L’utilisation des lieux, des voix (notamment celles d’Edith Scob et de Michèle Mercier), des présences de silhouettes nettement découpées mais comme en à-plat, et la circulation dans le temps, évoquent L’Année dernière à Marienbad d’Alain Resnais d’après Robbe-Grillet, la circulation stylisée dans le temps peut faire songer à La Jetée de Chris Marker (films tout deux postérieurs à La Ligne de mire).

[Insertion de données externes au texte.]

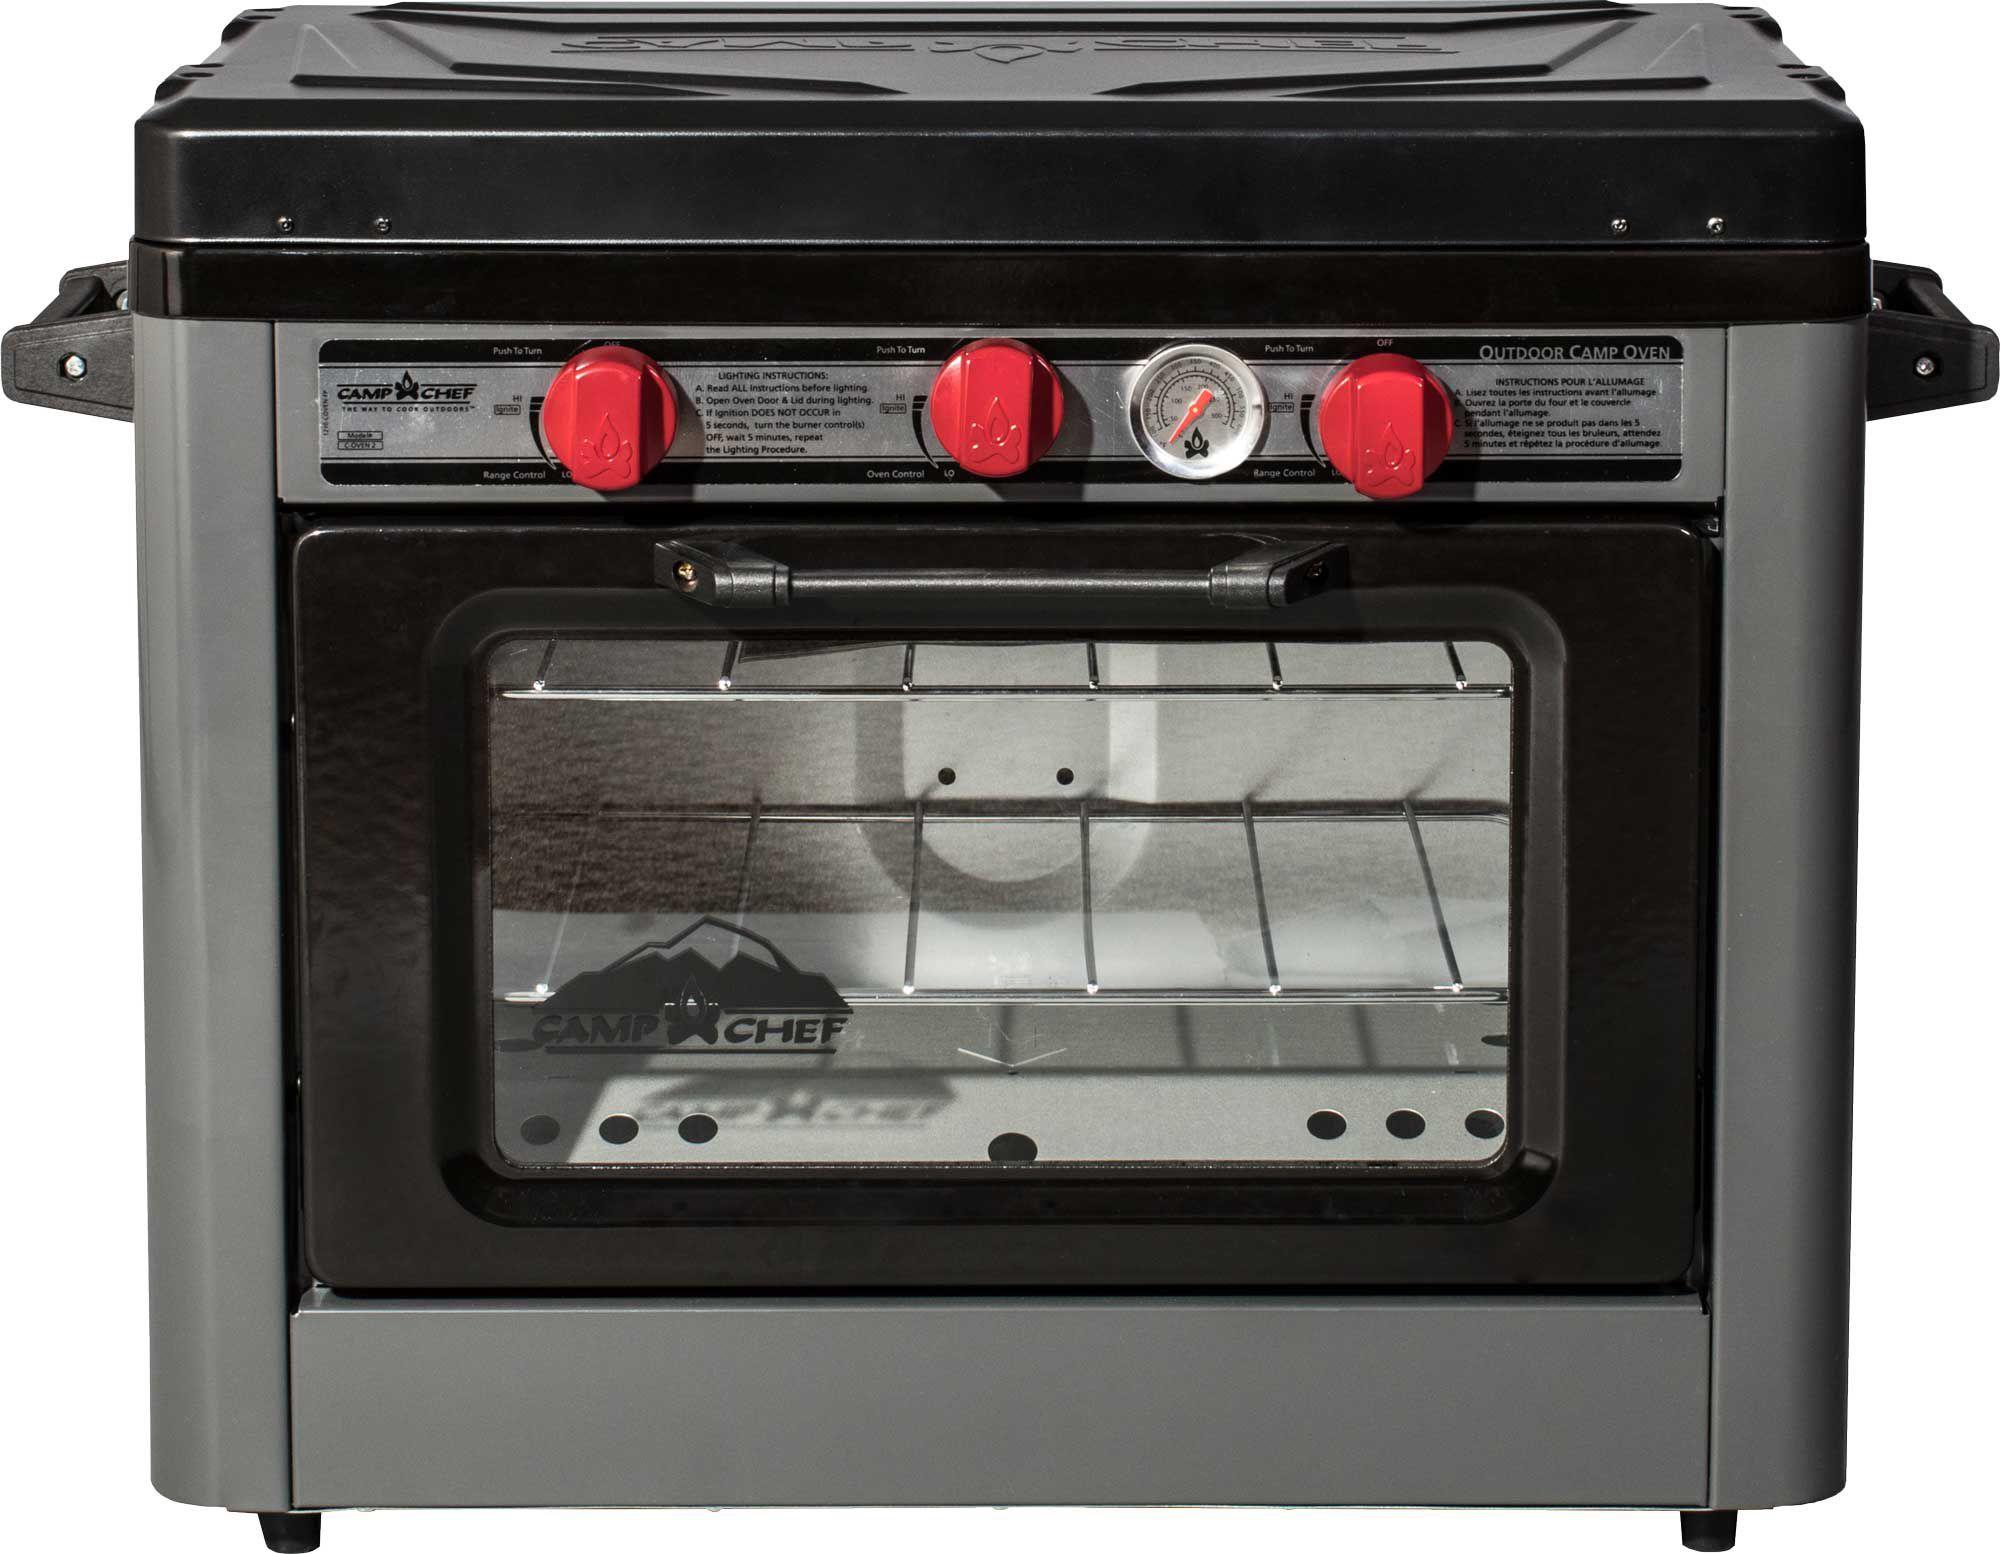 Camp Chef Deluxe Outdoor Oven, steel

Nulle imitation ici, mais des enjeux communs de fiction, et des réponses stylistiques comparables, mais où interfère une dimension singulière, portée par cet acteur incomparable, sinon à Buster Keaton lui-même, Claude Melki, jardinier burlesque, danseur des bosquets, camionneur de nuit et interprète de tous les films de fiction de Pollet – et de pas assez d’autres films.

Récit où le film de gangsters, les échos assourdis de la guerre d’Algérie, l’introspection alcoolisée et la futilité mondaine se nourrissent et se masquent, La Ligne de mire cherche une forme inédite, où des boucles narratives et temporelles construiraient un volume mental, un espace dans l’esprit du spectateur au sein duquel il serait possible de circuler à loisir, sans forcément suivre davantage le fil établi par le scénario.

Projet passionnant, tellement ambitieux que le jeune cinéaste hésite, cherche des conseils. Il en trouve, trop, qui lui font reprendre et reprendre sans cesse son projet. Comme dans Le Chef-d’œuvre inconnu de Balzac, celui-ci finit par disparaître sous les reprises, les modifications, les remontages. Il ne sortira jamais, et deviendra invisible durant des décennies.

Le film a pourtant bel et bien existé, il a même fait l’objet de deux critiques, de Jean-Luc Godard dans les Cahiers du cinéma et de Louis Seguin dans Positif. Revenu d’entre les ombres, c’est lui qui est désormais visible. 55 ans après, c’est une œuvre troublante, audacieuse et ludique, émouvante et un peu bancale, comme enrichie non du temps écoulé mais de tout ce que le cinéma aura engendré d’autre, et qui atteste l’audace visionnaire de Jean-Daniel Pollet.

Celui-ci suivra ensuite, sans jamais obtenir la reconnaissance qu’il méritait, les deux pistes esquissées ensemble par son premier long métrage. Il explore à la fois la piste intimiste et burlesque (son court métrage dans Paris vu par…, L’Amour c’est gai l’amour c’est triste, L’Acrobate) et celle de poèmes-essais (Méditerranée, Bassae, L’Ordre) remettant en question les règles du récit comme l’ordre du monde. Après le grave accident survenu en 1989 (il a été happé par un train alors qu’il filmait), son état physique conditionnera son cinéma. Et cela engendra un chef-d’œuvre, Dieu sait quoi inspiré par Francis Ponge, et les très beaux Ceux d’en face et Jour après jour, terminé après sa mort en septembre 2004 par son ami le critique et réalisateur Jean-Paul Fargier.